Słoneczko przebiło się do pokoju przez brudne okna. Pora
uporać się z nimi. W sobotnie przed południe słuchając radia myłam okna. Po
zimie były wyjątkowo brudne. Włożyłam do pralki firanki i zasłony. Na wiosnę
wyjęłam inny komplet firanek. Na moim parapecie
mam przez całą zimę kompozycje ziół
takich jak bazylia, estragon, melisa pietruszka, szałwia. W osobnym pojemniczku
posiałam rzerzuchę. Uwielbiam zioła i ich aromatyczny zapach. Często
wykorzystuje je do posiłków. Po dłuższej pracy musiałam, sobie odpocząć przy
filiżance kawy i smacznych ciasteczkach produkcji Dr. Gerarda Mafijne Choco. Ja
sobie spokojnie siedziałam, a mąż
zakładał firanki i zasłony. Wtedy pomyślałam, że trzeba już schować grubsze
ubrania kozaki, kurtki, szaliki i czapki. Może jeszcze będą zimne dni, ale
napewno już bez siarczystych mrozów. Po niedzieli zabrałam się z zapałem do
wiosennych porządków. Najpierw rozpoczęłam przegląd szafy u naszych pociech.

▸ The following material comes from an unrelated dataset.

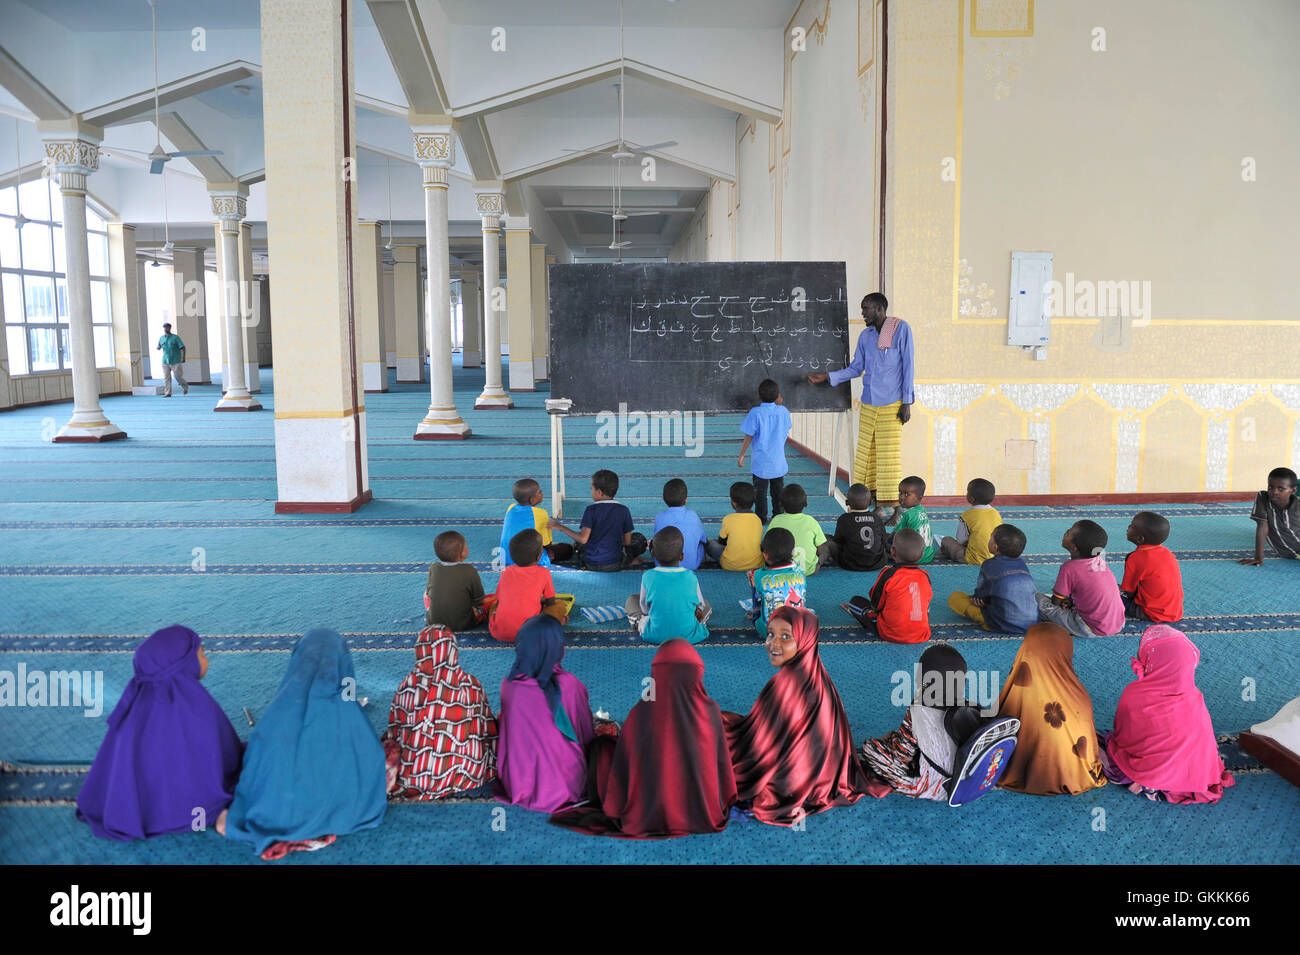 Somali children take lessons on the Quran at a Madrasa in Isbahaysiga mosque on June 16, 2015 as muslims prepare for the fasting month of Ramadan, the holiest month in the Islamic calendar.AMISOM Photo/Omar Abdisalan Stock Photo

Karolinka i Marcinek mają już sporo za krótkich ubrań. W najbliższych dniach
pojechałam z dziećmi po nowe kurtki i spodnie. Marcinkowi bez problemu kupiłam
nowe ubranka. Natomiast Karolince nic się nie podobało. Już było późno na
wyprawę do innych sklepów. W dziale spożywczym zaopatrzyłam się najważniejsze produkty. Natomiast dzieci
wrzuciły do koszyka słodycze produkcji Dr. Gerarda o nazwie zwierzaki maślane,
torcik zbożowy. Następnego dnia córka poszła do szkoły w ciasnej kurtce i w
krótkich spodniach. Po powrocie sama chciała jechać jak najszybciej na zakupy.
Wykorzystałam ten moment i kupiłam jej dwie pary spodni i porządną kurtkę.